US imports from Saudi Arabia fell by 562,000 barrels a day from April to June, more than the 506,000-barrel-a-day decline of total Saudi exports, the US Energy Information Administration and JODI too are conceding.
Although the dip is significant, yet one should also keep in mind the surge in domestic Saudi demand during the hot summer months. The pattern needs to be monitored for some more time, before reaching a conclusion.
And while crude shipments to the US from the energy rich Middle East seems dwindling, the regional focus too is shifting to China and the growing Asia. And there are reasons for this shift in focus. Demand for liquid fuels in Asia is expected to grow 44 percent through 2035, while North American demand shrinks, according to BP Plc.
Last September China surpassed the US as the world’s largest importer of crude oil and refined products. China now buys more crude oil from the Middle East than the US does. And as America’s reliance on Middle Eastern crude is waning, roughly half of China’s imported oil now is coming from the Gulf.
China currently imports around 5.6 million bpd, with about half of those coming from the Middle East. Saudi Arabia, Iran, Oman, and Iraq dominate the list, as do Russia and Angola. With diversification of markets, an absolute necessity for Riyadh, Saudi Arabia today is the top exporter to China, shipping 366,825 bpd (19.8 percent of total Chinese imports) in 2012, a paper by Brookings Institution said. African crude exporter Angola has the second highest share in the Chinese market, exporting 227,395 bpd - some 12.3 percent of the total Chinese imports - during the year. And significantly most of this oil flows through the Strait of Malacca, an strategically vulnerable chokepoint.
All this carries significant impact on the global geopolitics too.
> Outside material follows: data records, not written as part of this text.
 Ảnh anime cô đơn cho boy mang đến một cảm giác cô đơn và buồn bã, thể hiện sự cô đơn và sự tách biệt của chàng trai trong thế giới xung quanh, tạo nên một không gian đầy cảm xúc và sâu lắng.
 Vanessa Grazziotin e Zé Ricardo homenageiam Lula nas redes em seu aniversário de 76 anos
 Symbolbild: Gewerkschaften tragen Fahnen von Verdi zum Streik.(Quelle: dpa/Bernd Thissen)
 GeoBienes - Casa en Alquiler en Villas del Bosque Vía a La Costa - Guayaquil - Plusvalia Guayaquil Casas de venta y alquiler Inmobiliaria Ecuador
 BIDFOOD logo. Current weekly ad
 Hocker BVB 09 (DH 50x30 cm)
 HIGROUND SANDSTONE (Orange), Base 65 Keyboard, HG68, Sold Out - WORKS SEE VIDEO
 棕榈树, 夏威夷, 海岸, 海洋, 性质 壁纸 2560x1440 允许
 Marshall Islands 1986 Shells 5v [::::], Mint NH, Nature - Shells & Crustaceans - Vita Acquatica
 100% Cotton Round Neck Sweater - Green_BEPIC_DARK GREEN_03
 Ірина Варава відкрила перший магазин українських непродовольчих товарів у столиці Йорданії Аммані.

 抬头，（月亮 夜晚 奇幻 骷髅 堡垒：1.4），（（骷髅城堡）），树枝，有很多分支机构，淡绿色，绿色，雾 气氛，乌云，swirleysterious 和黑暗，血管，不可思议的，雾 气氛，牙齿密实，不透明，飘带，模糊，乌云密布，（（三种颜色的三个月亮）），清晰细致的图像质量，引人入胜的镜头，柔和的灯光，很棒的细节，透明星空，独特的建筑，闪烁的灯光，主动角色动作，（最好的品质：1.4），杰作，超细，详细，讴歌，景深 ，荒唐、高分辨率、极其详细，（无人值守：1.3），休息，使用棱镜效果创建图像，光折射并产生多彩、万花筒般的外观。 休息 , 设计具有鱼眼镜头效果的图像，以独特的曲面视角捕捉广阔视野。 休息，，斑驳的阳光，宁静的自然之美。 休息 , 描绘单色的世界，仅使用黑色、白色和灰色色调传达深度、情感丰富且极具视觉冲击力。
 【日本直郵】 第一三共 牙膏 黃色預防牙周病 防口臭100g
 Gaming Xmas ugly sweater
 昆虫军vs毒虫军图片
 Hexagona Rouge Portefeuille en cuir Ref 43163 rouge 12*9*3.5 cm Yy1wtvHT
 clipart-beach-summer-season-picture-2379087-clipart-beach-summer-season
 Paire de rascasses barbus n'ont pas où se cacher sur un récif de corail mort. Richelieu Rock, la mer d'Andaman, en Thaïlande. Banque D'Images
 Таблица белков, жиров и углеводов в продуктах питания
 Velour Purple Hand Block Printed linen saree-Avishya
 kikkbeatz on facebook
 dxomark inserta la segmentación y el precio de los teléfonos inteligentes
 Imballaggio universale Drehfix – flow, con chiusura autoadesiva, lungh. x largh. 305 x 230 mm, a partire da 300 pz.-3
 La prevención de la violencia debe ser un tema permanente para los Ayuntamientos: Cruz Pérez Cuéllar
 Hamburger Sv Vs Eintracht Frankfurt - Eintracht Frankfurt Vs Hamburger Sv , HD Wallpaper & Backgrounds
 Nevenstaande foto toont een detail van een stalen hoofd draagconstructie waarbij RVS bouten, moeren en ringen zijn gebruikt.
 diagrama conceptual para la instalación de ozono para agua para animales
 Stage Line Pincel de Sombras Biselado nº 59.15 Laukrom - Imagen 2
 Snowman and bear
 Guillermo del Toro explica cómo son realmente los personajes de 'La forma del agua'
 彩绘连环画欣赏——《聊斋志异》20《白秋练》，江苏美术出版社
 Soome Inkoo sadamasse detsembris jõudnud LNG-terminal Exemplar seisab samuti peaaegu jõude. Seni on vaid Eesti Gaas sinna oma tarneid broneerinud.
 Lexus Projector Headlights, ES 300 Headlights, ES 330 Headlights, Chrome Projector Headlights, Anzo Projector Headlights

But with the US being dethroned from the mantle of the top crude import of the world, one thing is getting certain - the Chinese influence on global crude markets is increasing rapidly. Energy markets are increasingly taking cue from developments in China and not the United States. And this too deserves attention. Markets could be in for some fall - analysts now are feeling, as the Chinese dragon is finally slowing down.
Platts says, demand for oil in China actually fell to 9.61 million bpd in July - down 2.1 percent from a year ago, and a whopping 6.2 percent from June. Only last week, data confirmed that China’s official Purchasing Managers Index falling to 51.1 in August from 51.7 in July, indicating softening of the country’s economy. And in case real estate bubble too bursts in China, as is being projected all around, further cooling of the Chinese economic engine could not at all be ruled out.
Meanwhile, Abheek Bhattacharya writing for WSJ though concedes that China’s effort to build a Strategic Petroleum Reserve (SPR) has given oil bulls comfort that the underpinnings for global oil prices would stay strong, yet he also asserts that in the near term, there are reasons to believe that this mysterious hoard won’t offer much support (to oil markets).
Quoting Amrita Sen of the London-based Energy Aspects, he reports that China might not build the required SPR space fast enough to store the oil just yet - indicating some slow down in its crude intake. ‘Although a few new storage facilities are coming on line this year, more will have to wait till next year, and another chunk will be available only at the decade’s end.’
In another indication of the cooling down of the Chinese economy, a Citigroup report also confirms that Chinese refiners may slash the new refining capacity they had planned for next year.